2015: el trabajo no da la felicidad

A ver, ya sé que la frase es con el dinero y que el trabajo es un mal necesario, pero es mi blog y son mis juegos de palabras.

En 2015 y gracias a un contacto conseguí un trabajo. También descubrí que trabajar muchísimas horas es un anestésico maravilloso cuando todo a tu alrededor es un desastre. Por suerte me di cuenta de que ese no era el mejor camino y decidí cambiar un poco el rumbo. Me busqué algo que hacer que tuviera un horario programado como forma de obligarme a parar y a salir a mi hora.

También me mudé. Tuve mucha suerte porque conocía al chico que vivía antes en mi piso.
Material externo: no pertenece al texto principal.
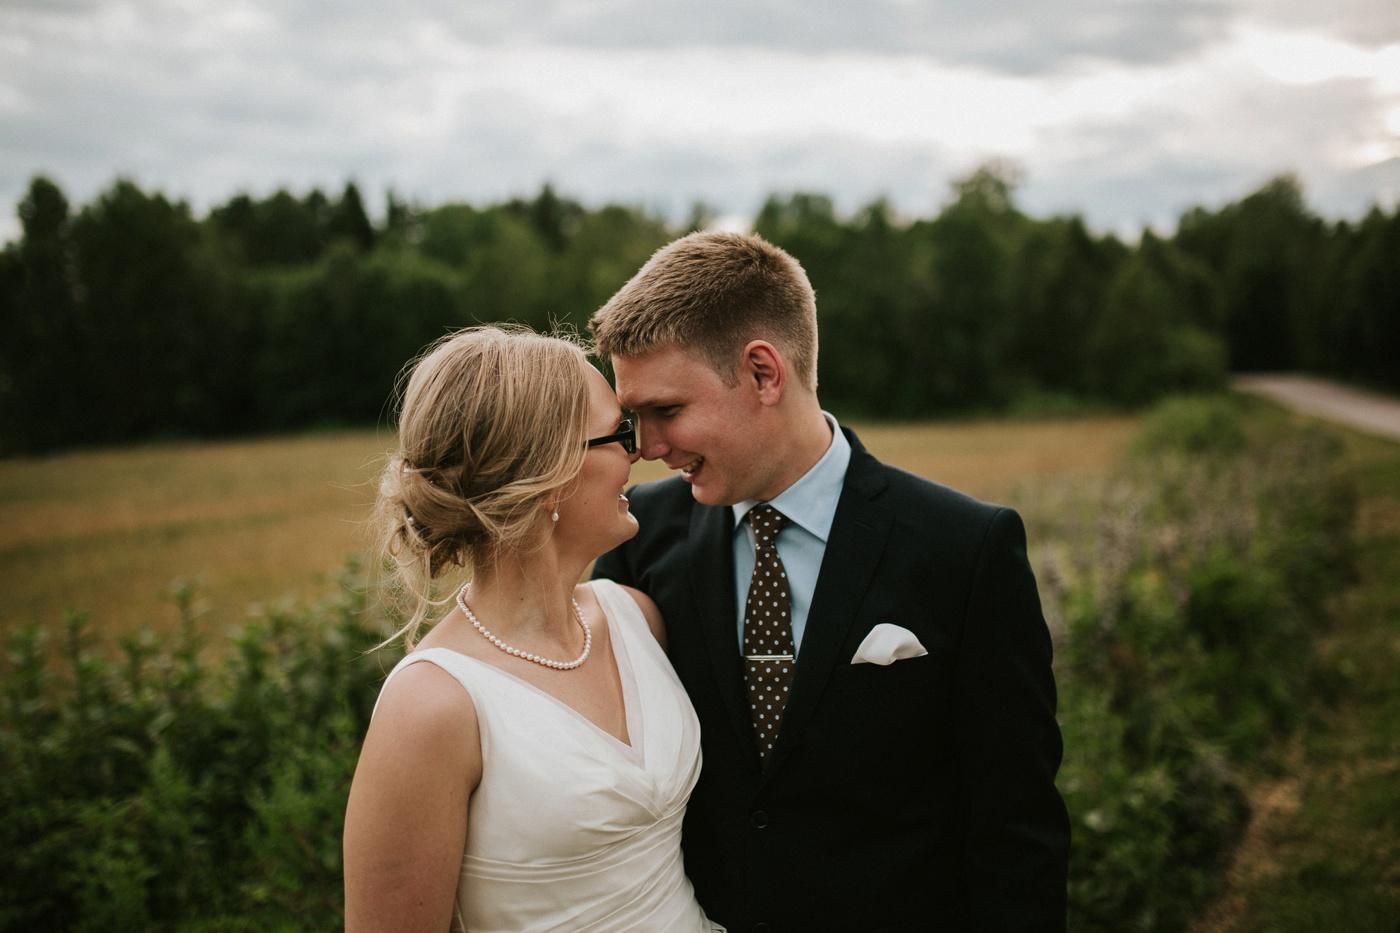 ceciliajoakim_sweden-countryside-summer-wedding_melbourne-fun-quirky-wedding-photography_90

Le seguía en redes sociales y leí que quería buscarse un piso más cerca del trabajo, así que lo hablamos y fue salir él y entrar yo.
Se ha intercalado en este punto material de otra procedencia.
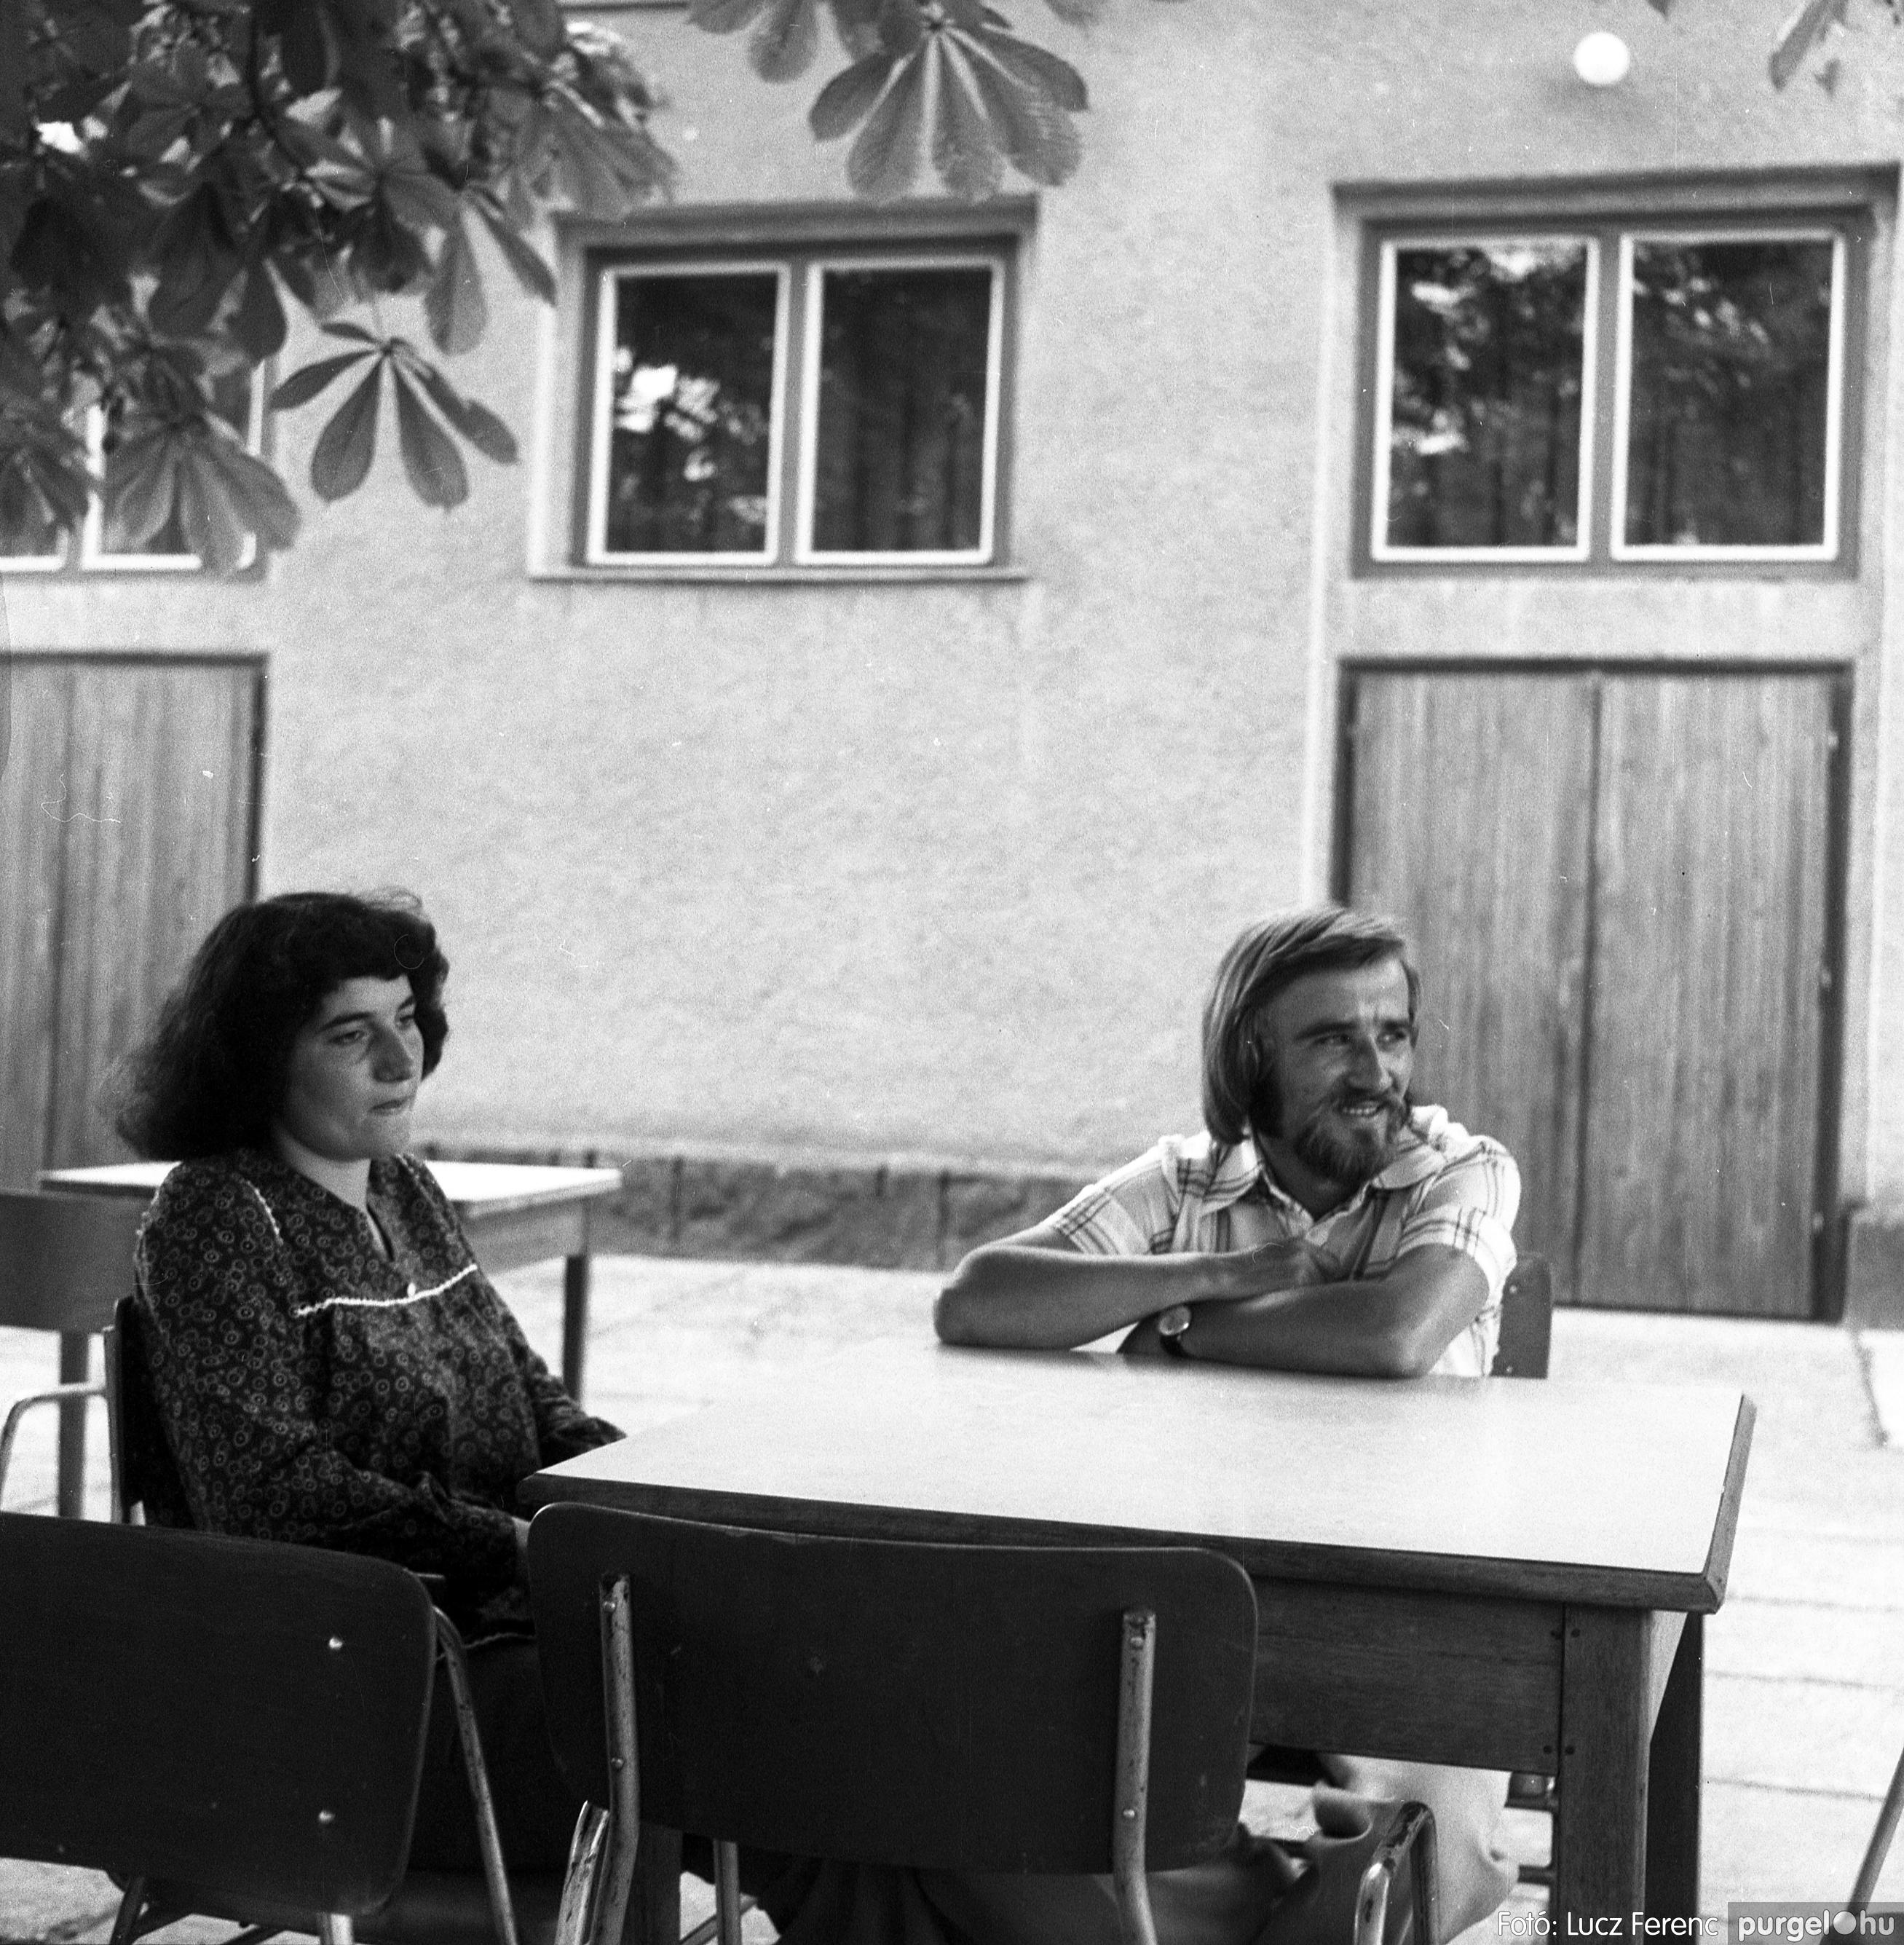 027. 1975. Buli a kultúrban 004. - Fotó: Lucz Ferenc.jpg

Ese año se murió Elena, la mujer de mi padre. Algunos/as me habréis leído acerca de ella. Una mujer maravillosa, con carisma y capaz de llenar una habitación con su presencia. En 2014 le detectaron un cáncer y en 2015 se le reprodujo. Han pasado cuatro años y medio y aún la echo de menos. Tuve la suerte de verla unos pocos días antes y, aunque ya estaba muy malita, pasamos un ratito agradable en la medida de lo posible.

Ay, Elena, si vieras cómo me van las cosas ahora… nos podríamos alegrar juntas y, bueno, alguna sorpresa igual te llevabas.